A comment about bringing a knife to a gunfight
stopped at the tip of my tongue. Gallows humor may have kept me sane in these
situations, but the same usually couldn’t be said for a husband applying
pressure to his wife’s bleeding chest.
“We need to get her shirt off,” I said. With her
husband’s help, I cut it away. To my surprise, removing her shirt revealed a
bulletproof vest underneath. In a less urgent situation, I might have questioned
just what I’d walked into, but the vest was stained with too much blood to
wonder why she was wearing it in the first place. We quickly unfastened the
straps on the side and got rid of it.
With the vest out of the way, I looked at the wound.
It was a deep laceration with substantial bleeding, but it was more or less under
control. It was her breathing that concerned me. Removing the vest didn’t make
it any easier for her to breathe, and the color of her lips continued to fade.
“Chelsea, can you hear me?” Again, I couldn’t tell
if the response was to the pain or my voice. I held her free hand. “If you can
hear me, squeeze my hand twice.”
She responded with two squeezes, the second more
feeble than the first. I pressed the stethoscope against her chest and she
flinched weakly.
“Chelsea, can you take a deep breath?”
She tried, but immediately grimaced. Her chest
barely rose. The more I took her vitals, the more pieces fell into place, and
it didn’t look good. Her heart was racing, her blood pressure was dropping, and
the shallow, rapid breathing was getting worse.
“I’ll be right back.” I sprinted to the ambulance,
ignoring the furious, panicked shouts of the man beside the black-tagged woman.
Cursing the traffic that kept backup dangerously far away, I grabbed a few
items out of the ambulance and hurried back to Chelsea’s side. There, I slipped
an oxygen mask over her face and opened the valve on the tank.
Her husband raised his eyebrows. “How bad is it?”
“Her lung’s collapsed.”
“Jesus,” he whispered.
It wasn’t quite so simple, but I had no time to
explain in detail that she had a tension pneumothorax and needed a
thoracentesis to release the air building up in her chest cavity. This wasn’t
the first time I’d treated something like this in the field, and I anticipated
the barrage of questions about how bad it was and if she was going to die. He
said nothing though. In fact, he was quite calm given the circumstances.
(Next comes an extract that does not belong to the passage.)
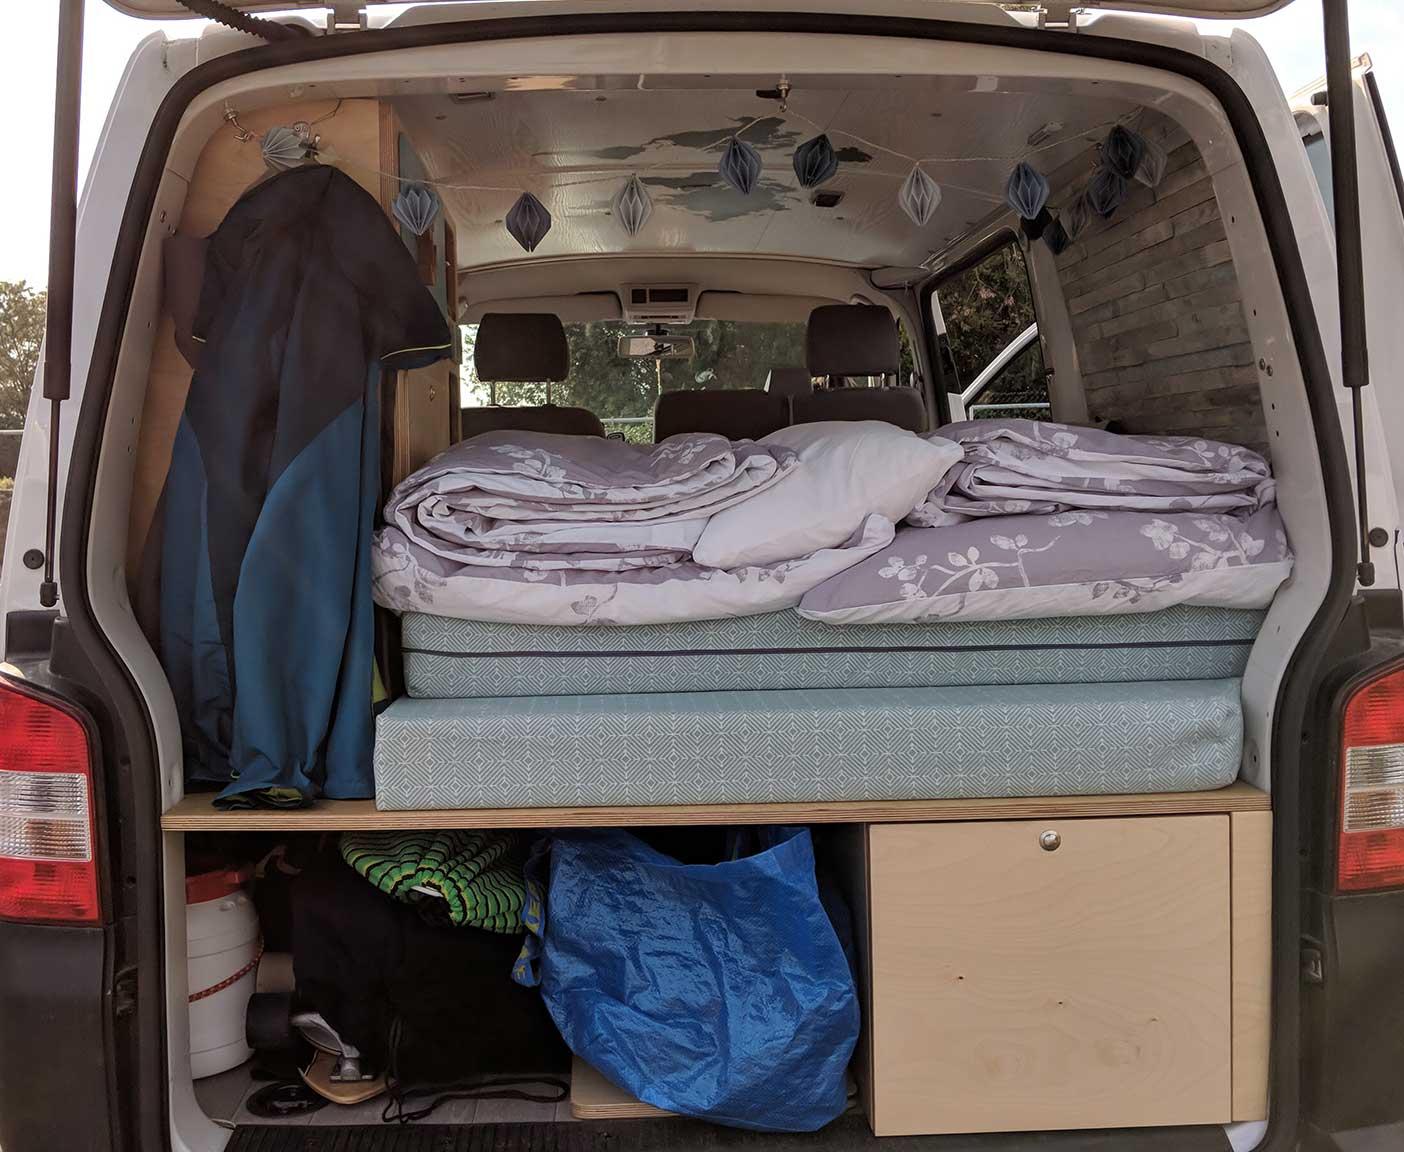 VW-T5-multivan-camper-caravelle-europatrip-van-kleinanzeigen

Kneeling beside her again, I gestured to two
bystanders. To them and Chelsea’s husband, I said, “Hold on to her. Keep her as
still as you can.”
“I don’t think she’s going anywhere,” her husband
said through gritted teeth.
“No, but she isn’t going to like this.” As I pulled the
large needle out of its packaging, his breath caught. “Don’t watch. Look at
something else. Trust me.” When I pressed the needle against a groove between
her ribs, he cleared his throat and looked away. At least he didn’t insist on
watching. Leon and I had enough to worry about without a passed out husband on
our hands.
Just before I pushed the needle into her skin, something
cold and solid dug into the base of my skull. My hands and breath froze. Moving
only my eyes, I looked at Chelsea’s husband. He stared past me, lips parted and
eyes wide.
“Get away from her,” an unsteady voice commanded
from behind me. Something creaked, and even with my limited experience with
guns, I recognized the menacing sound of a hammer being drawn back. “Get the
fuck away from her.”
“Jesse, stop.” Chelsea’s husband tone was still surprisingly
calm, but the faintest note of uncertainty sent ice through my veins. “Listen
to me, Jesse. Put the gun down.”
“No, no, he’s hurting her.” The voice bordered on
hysterical now, and the gun’s muzzle twitched against my skin. I swallowed
hard. It wasn’t just the metal against my skin that concerned me. It was the
way that metal shook. A shaking hand on a loaded gun against my head wasn’t
what I’d call a comfortable combination.
Chelsea moaned and gasped for air. Every breath was
more difficult than the last, and her lips were beginning to turn blue beneath
the mask’s clear plastic. Gun to my head or not, she needed this tube in her
chest. Willing my hands to stay steady, I pressed the needle against her, but
the muzzle of the gun dug even harder into my head. The shaking was more
violent, and my mind’s eye showed me a trembling finger on a trigger. One
twitch. One twitch was all it would take. Oh,
fuck.
“Jesse.” Chelsea’s husband looked at him even as he
tried to hold her still. “He’s trying to help her.”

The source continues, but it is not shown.